** TASK TO COMPLETE **
Skip the pictures. Retype exactly, and only, the lines between the line holding "DELL EMC RECOVERPOINT" and the last line below, inclusive.

** SUPPLIED INFORMATION **
··········
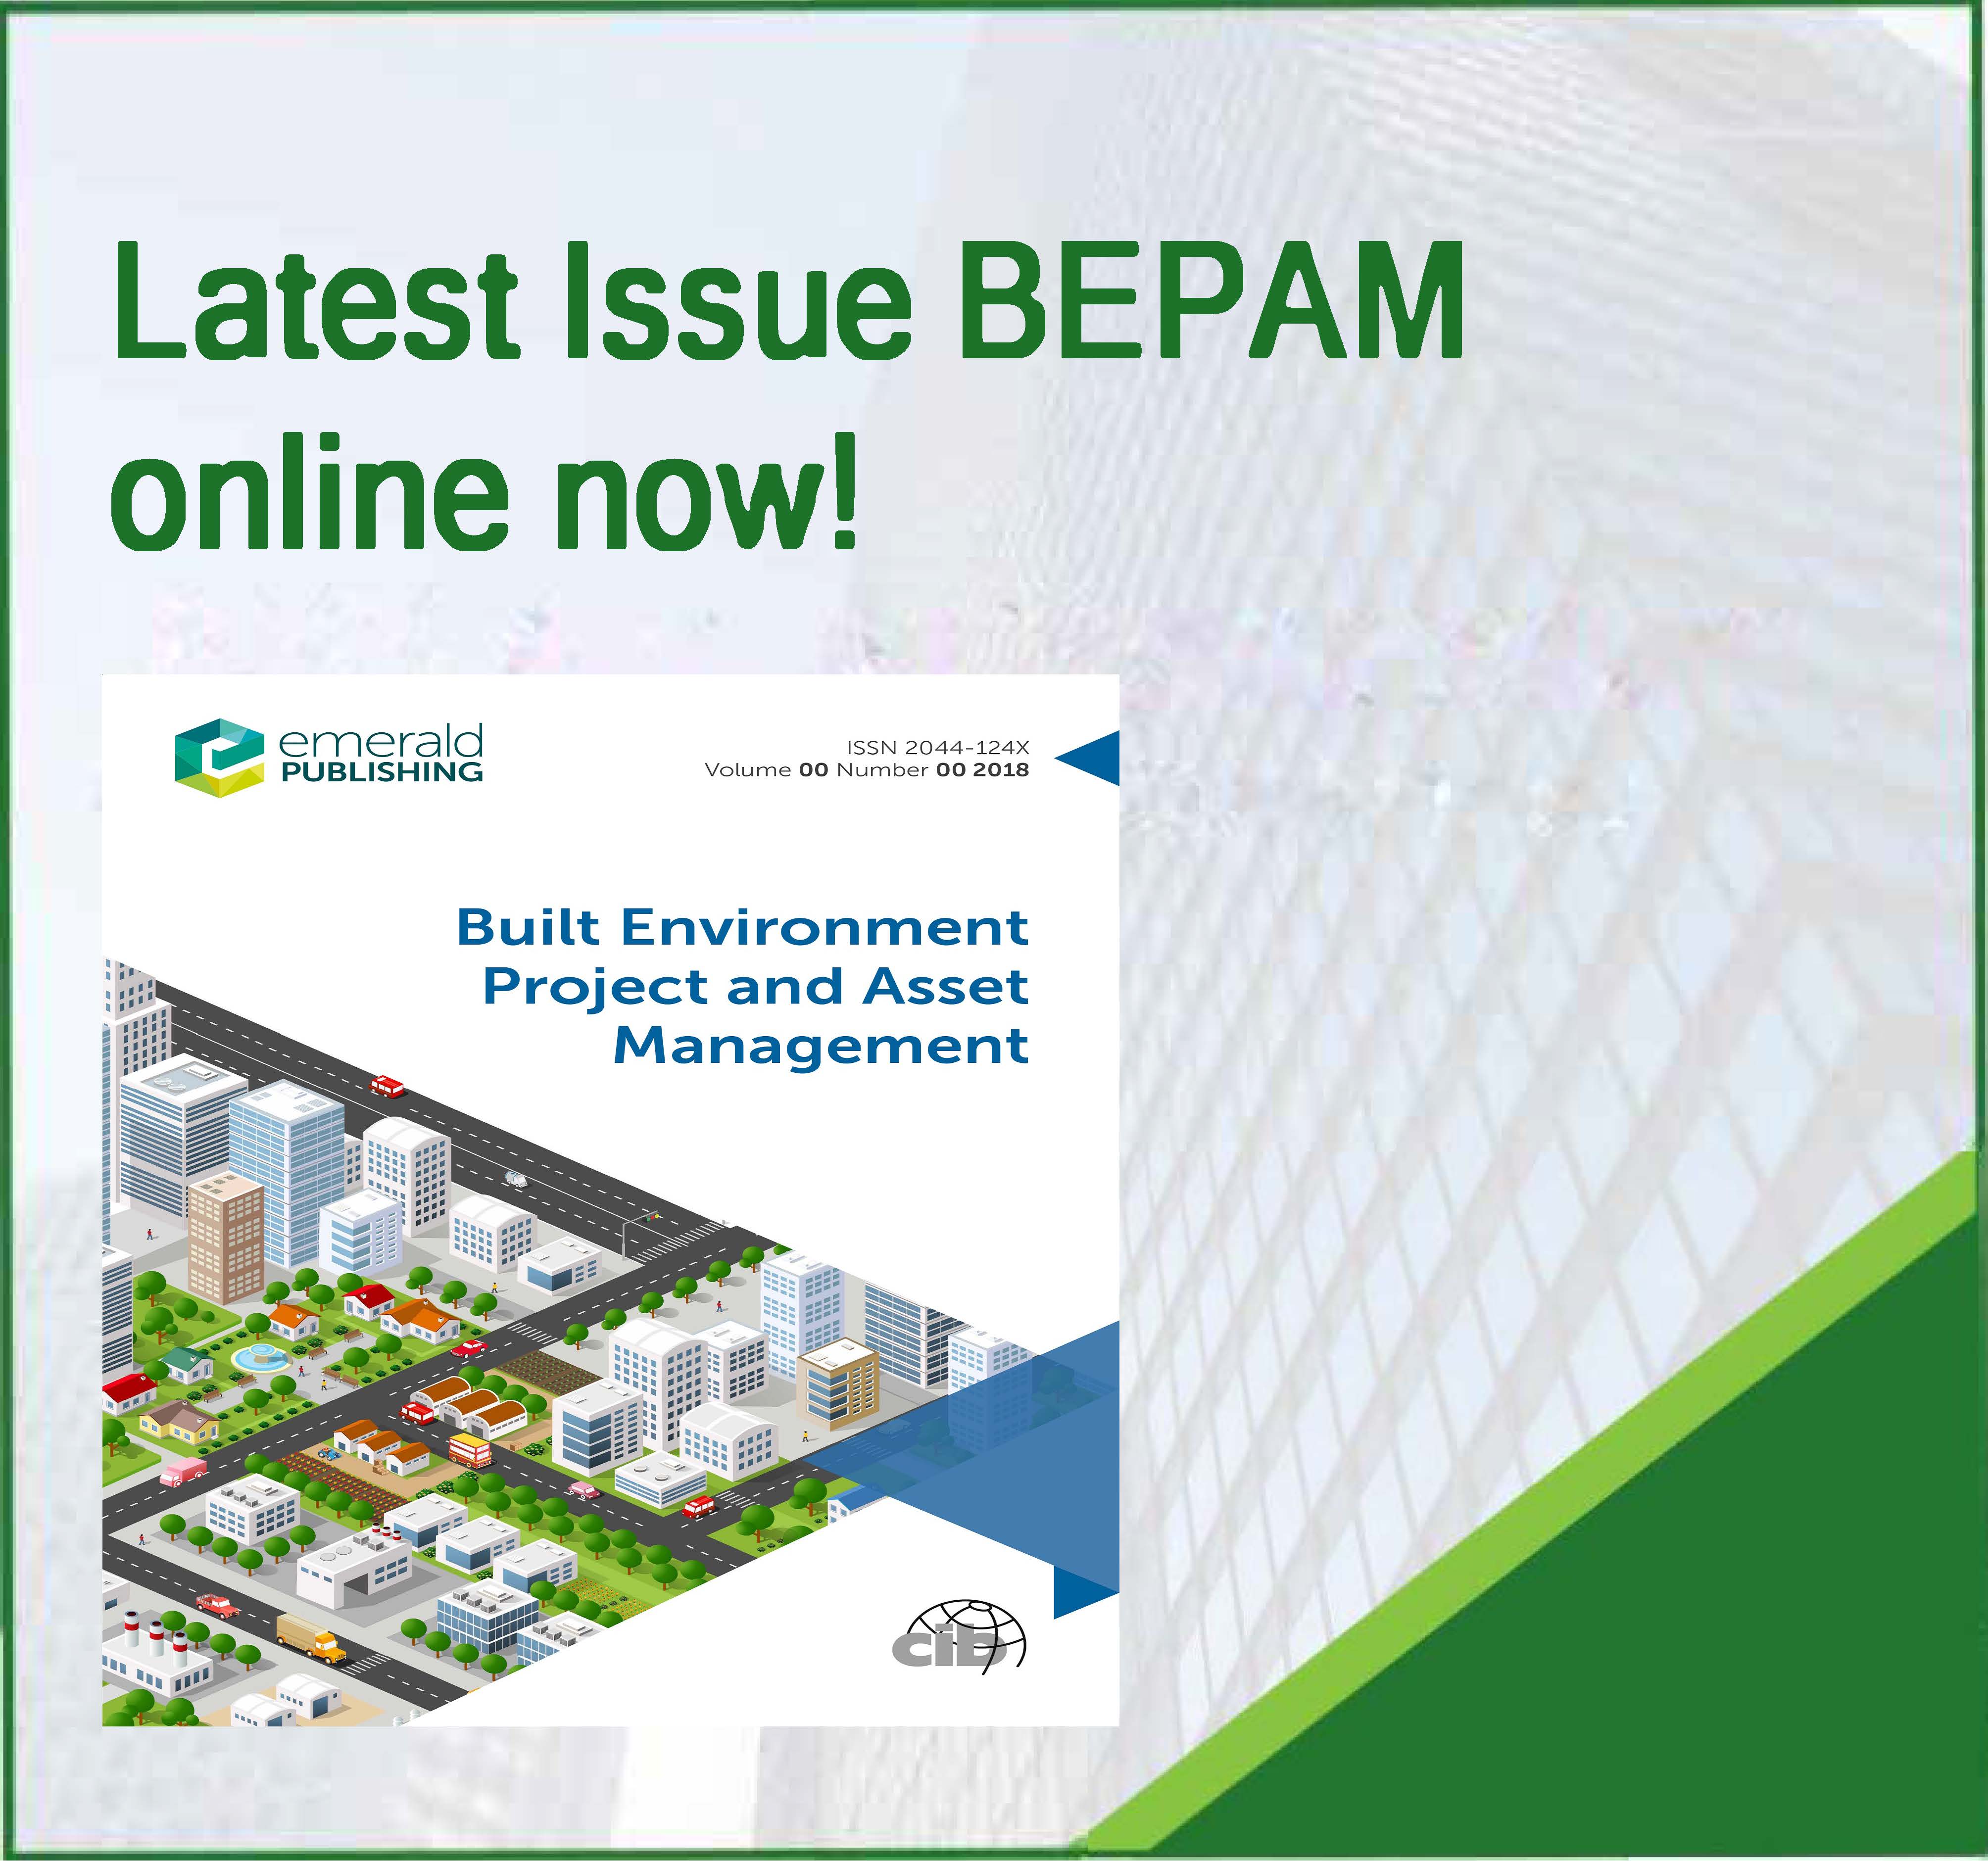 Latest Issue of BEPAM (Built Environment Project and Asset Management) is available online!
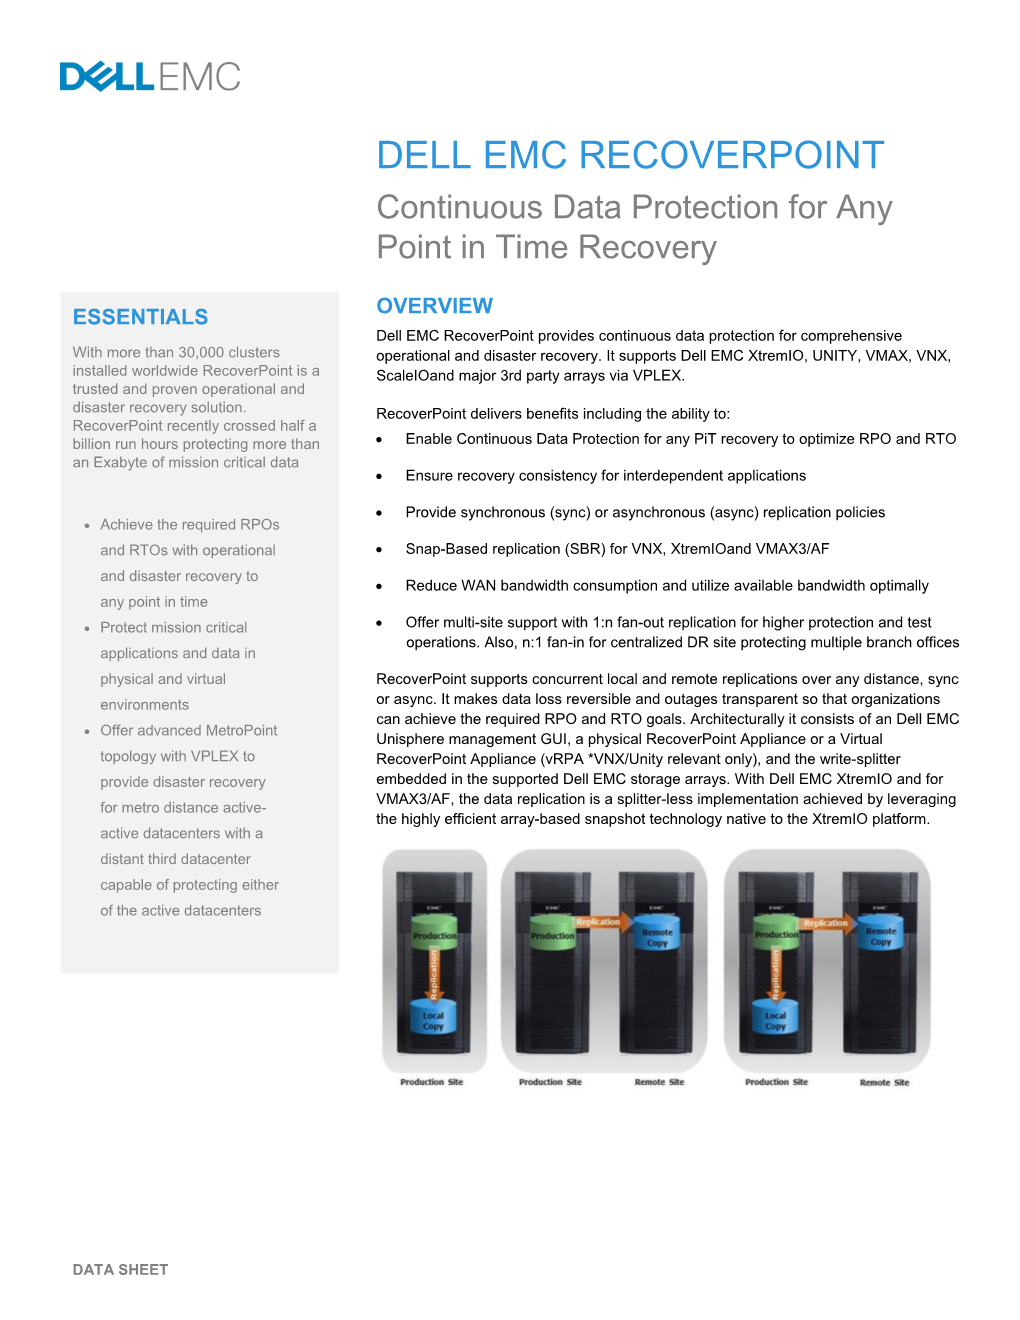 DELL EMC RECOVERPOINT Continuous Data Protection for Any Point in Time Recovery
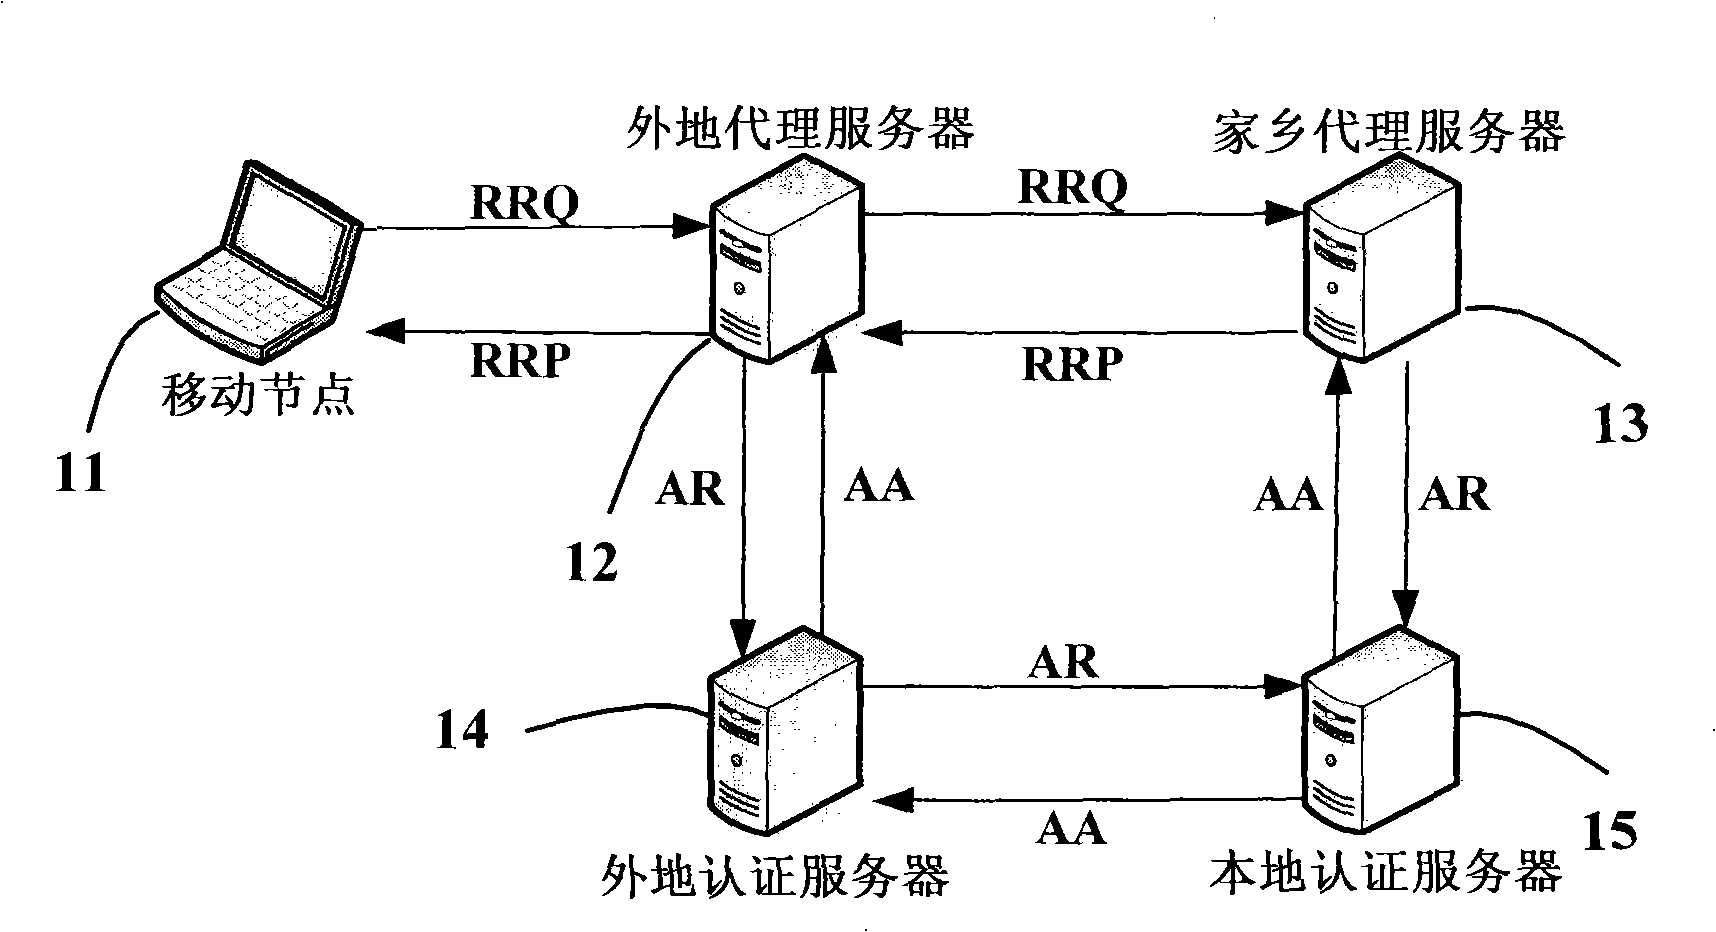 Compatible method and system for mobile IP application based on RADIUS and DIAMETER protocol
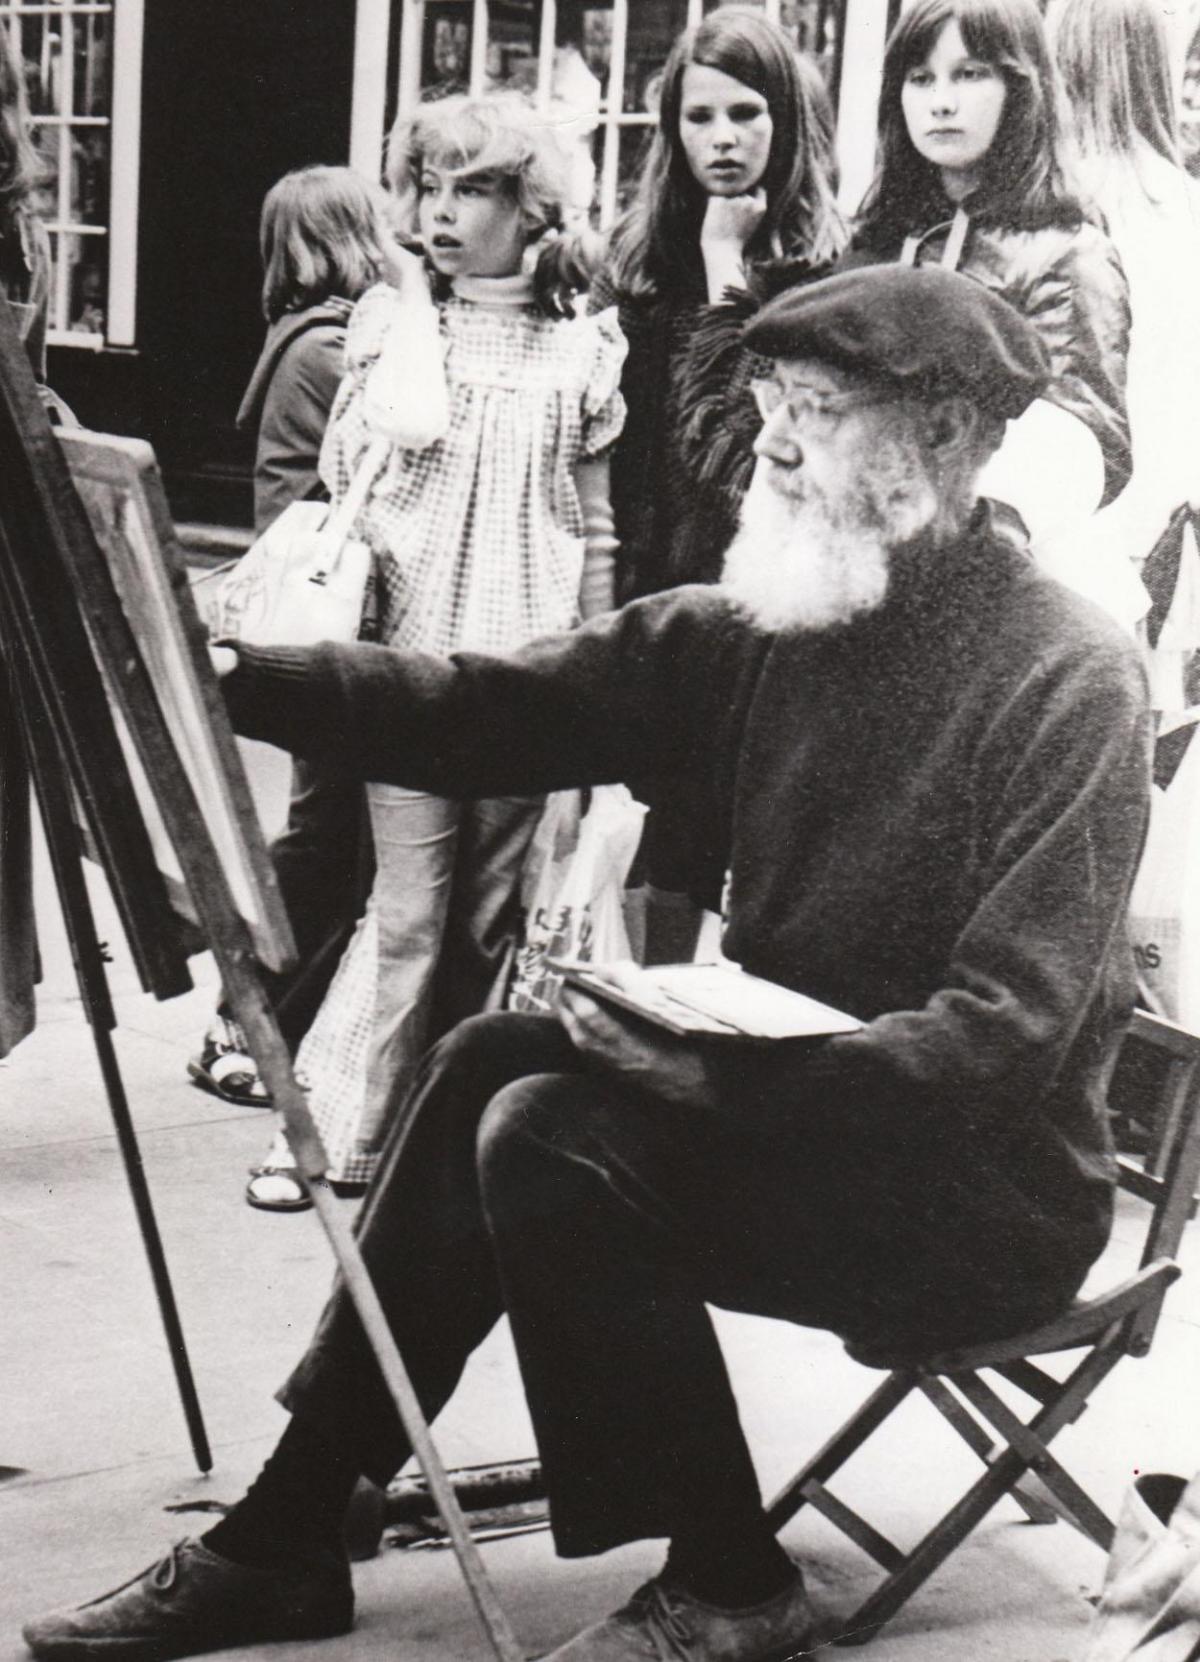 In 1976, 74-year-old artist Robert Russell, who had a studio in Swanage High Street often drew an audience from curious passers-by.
··········
** ANSWER SPACE **
 DELL EMC RECOVERPOINT Continuous Data Protection for Any Point in Time Recovery
 Compatible method and system for mobile IP application based on RADIUS and DIAMETER protocol
 In 1976, 74-year-old artist Robert Russell, who had a studio in Swanage High Street often drew an audience from curious passers-by.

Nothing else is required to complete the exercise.